I think hes been doing something behind your back. Just to be completely honest. He did something behind your back and hes afraid that your going to find out which scares him so thats why hes acting so weird and treating you the way hes treating you. You need to keep a close eye on him. You know you did nothing wrong so dont worry about you. Normally when he a guy all of sudden behaves differently they did something and dont knw how to tell you or arent sure if they want to tell you. Ask him what his prob is and if he answers casually then maybe hes done nothing. If you ask him and he gets defensive off the bat then you know right then and there that hes done something. Guys can be really shady so watch out.


----------



## farris2 (May 12, 2007)

After 2 years he should know that he can trust you.I hate it when guys act like that.


----------



## Saje (May 12, 2007)

All the girls said what I wanted to say.

Just wanted to say that I hope he didnt do anything stupid for your sake.


----------



## pinksugar (May 12, 2007)

Hope everything works out.. let us know what happens! I swear, it must be the full moon or something, guys are just acting like jerks in general at the moment!


----------



## empericalbeauty (May 12, 2007)

Honestly, you answered your own question without knowing it.

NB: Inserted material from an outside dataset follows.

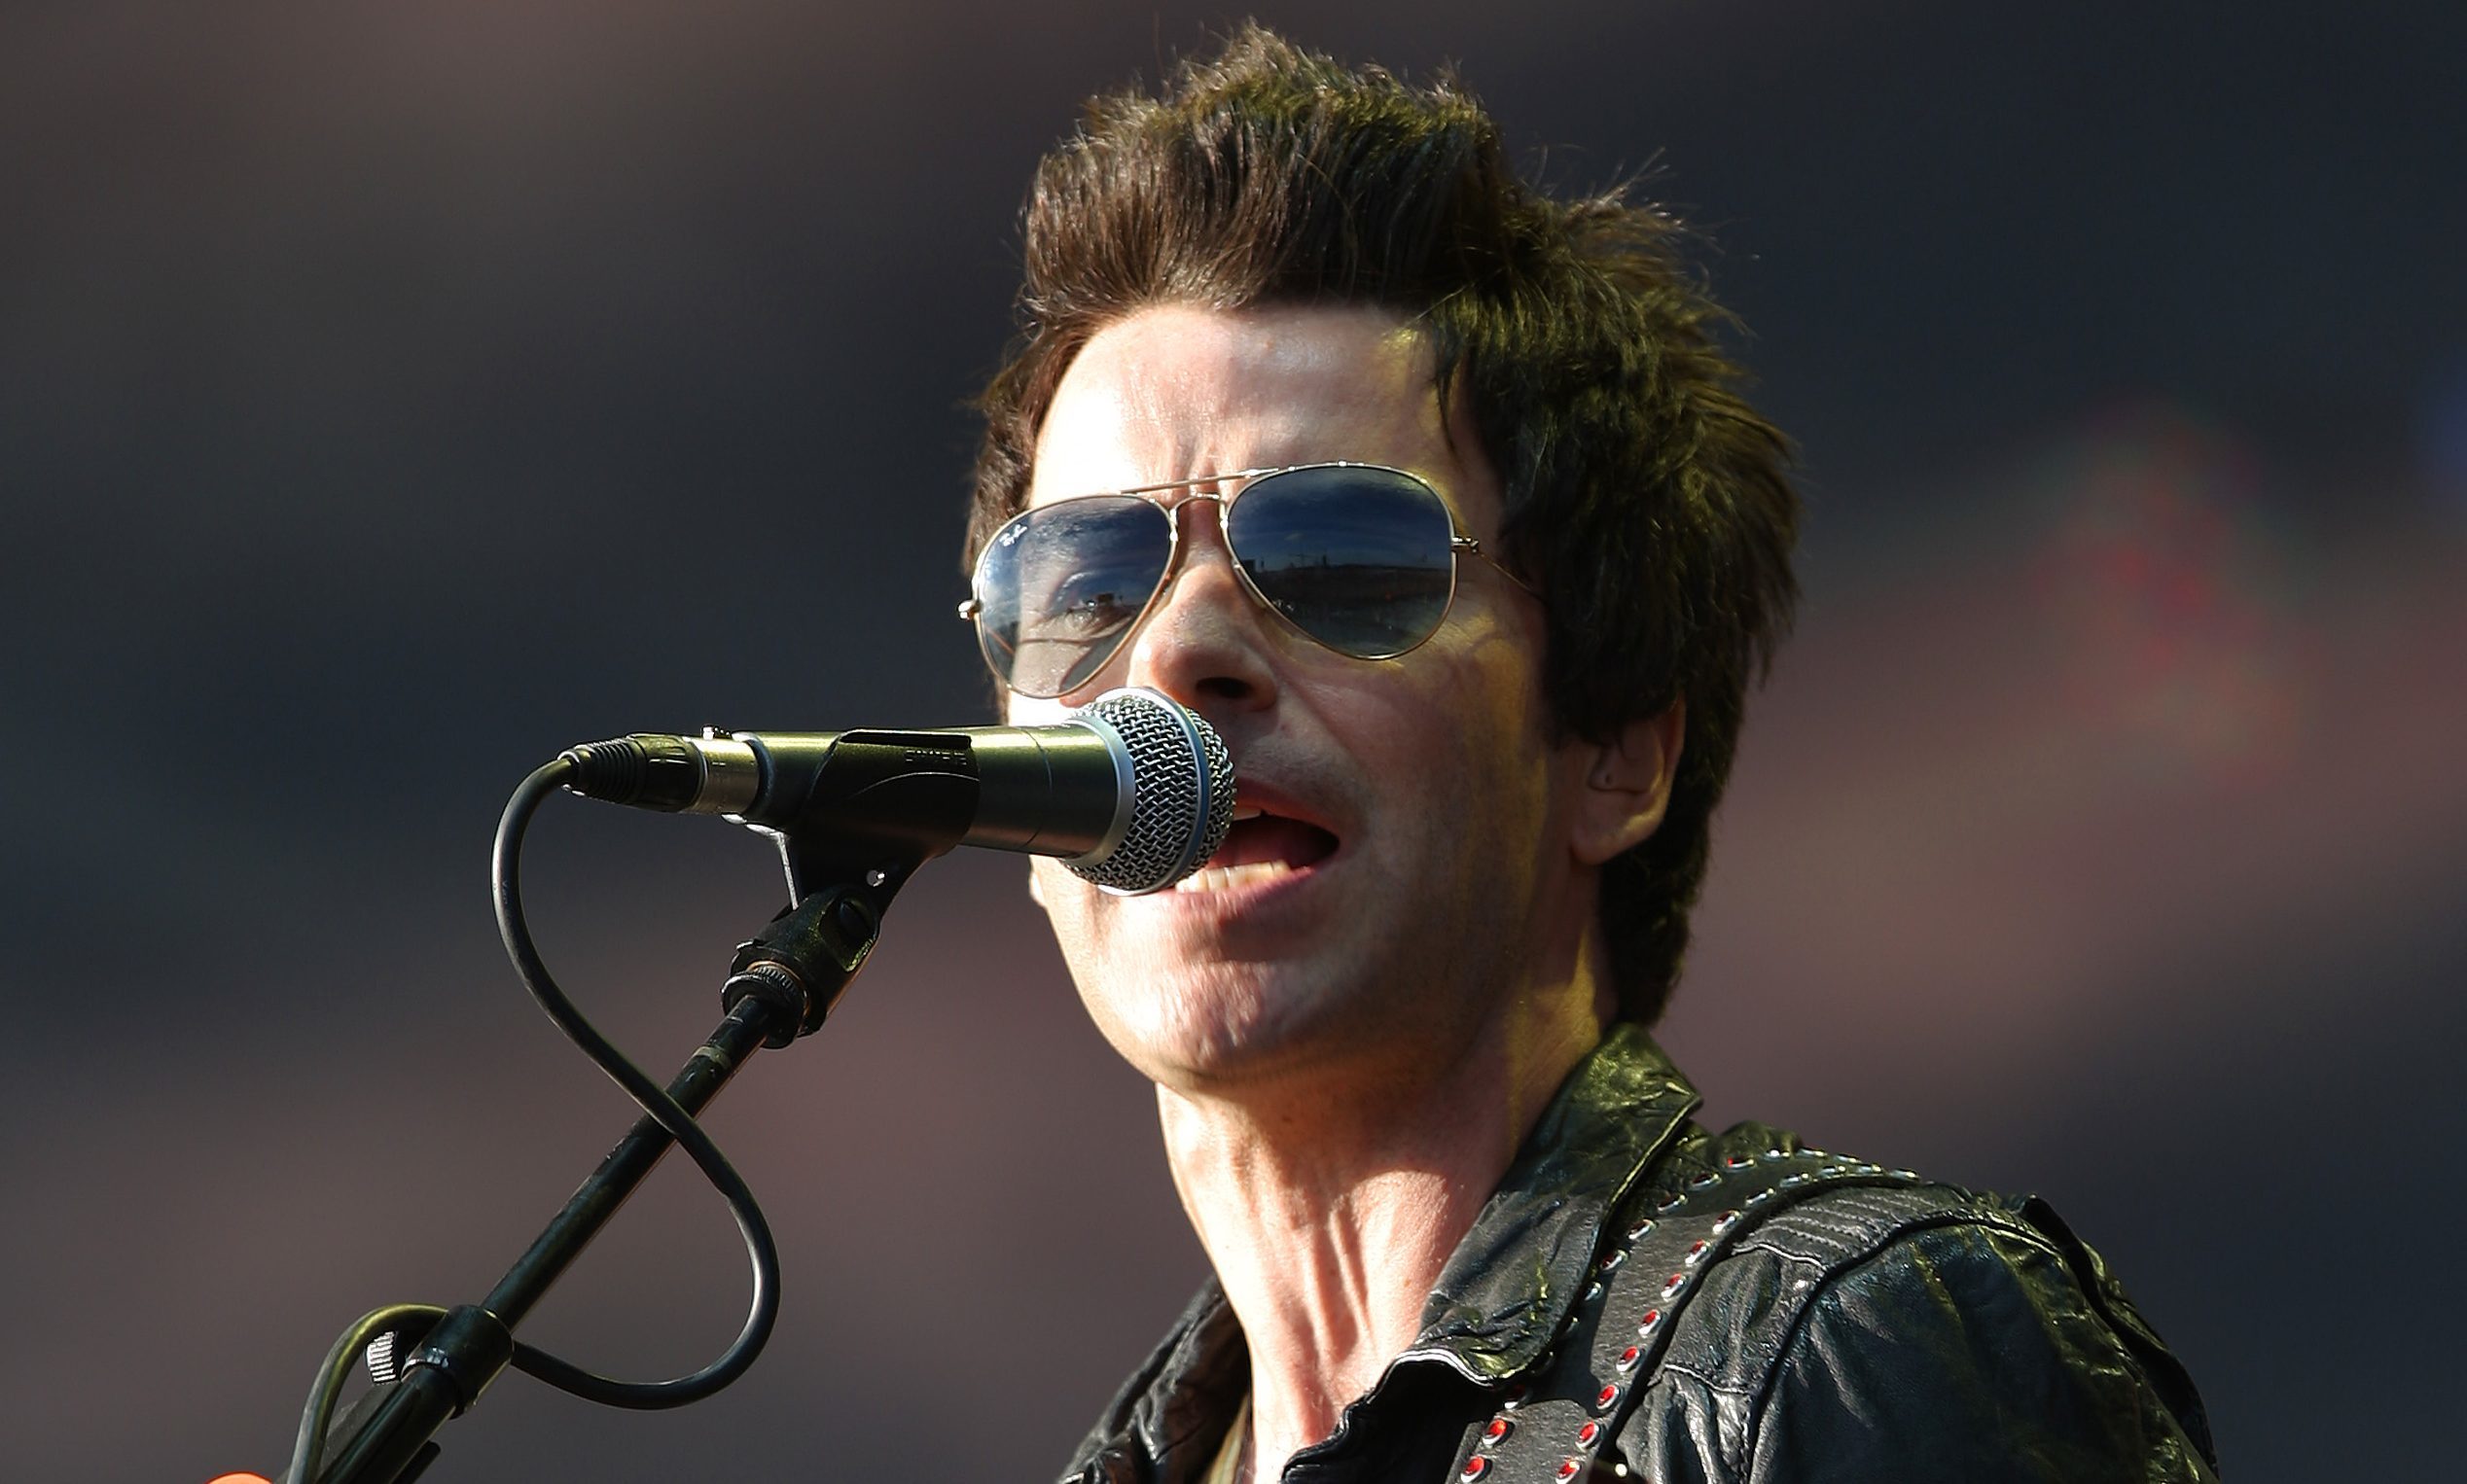 Stereophonics' Kelly Jones at T in the Park.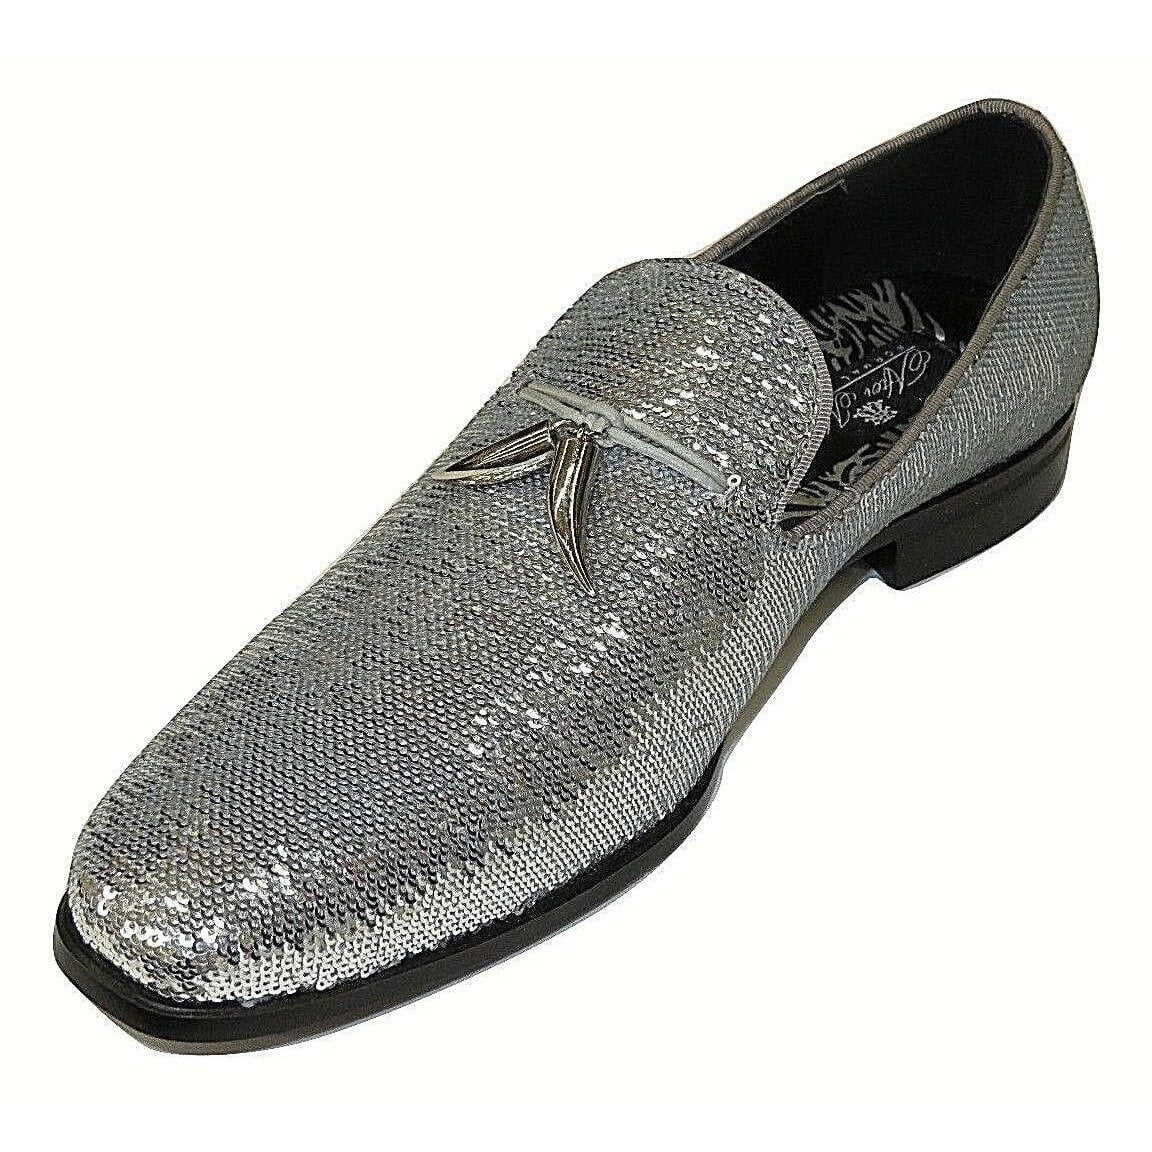 Men AFTER MIDNIGHT Formal Stage Wedding shoes Sequin shiny Slip on 6759 Silver

You said he is under a lot of stress, and that could be taking a toll on him mentally. I think what your bf needs to do is take a whole day off work, get him self back together, REST and relax. with your help off course. right now he is really vulnerable and he needs some re-assurance that he isnt going crazy and for some reason picking a fight is what suits him best. However, if he continues his jealous rants then maybe you should ease it off with him for a day or two so you dont get pushed to the edge.


----------



## Manda (May 12, 2007)

UPDATE: We talked yesterday and everything is good. He was just feeling insecure about our relationship and wanted to me to pretty much say that everything is fine and that I still love him. I told him that when he behaves like that I feel disrespected and that I don't like it and it does make me question him. He apologized and after coming home from a friends he spent the night and got to sleep in and hes been fine all day. Thanks again everyone, I'm so glad I can come here when I have problems and get everyone elses point of views.


----------



## chantelle8686 (May 13, 2007)

hun i was gonna say the same thing as the others had suggested, next time he acts out like that go directly to him, its better to find out then to let it go!!!!

Umm also im so glad u guys talked!!! and if he acts like that again, just tell him im not talking to u till u can talk to me properly!!! i also have the same trouble with anger with my partner, but i ignore him and tell him the same thing, he then apologizes then we talk!!!


----------



## farris2 (May 13, 2007)

good I'm glad for you


----------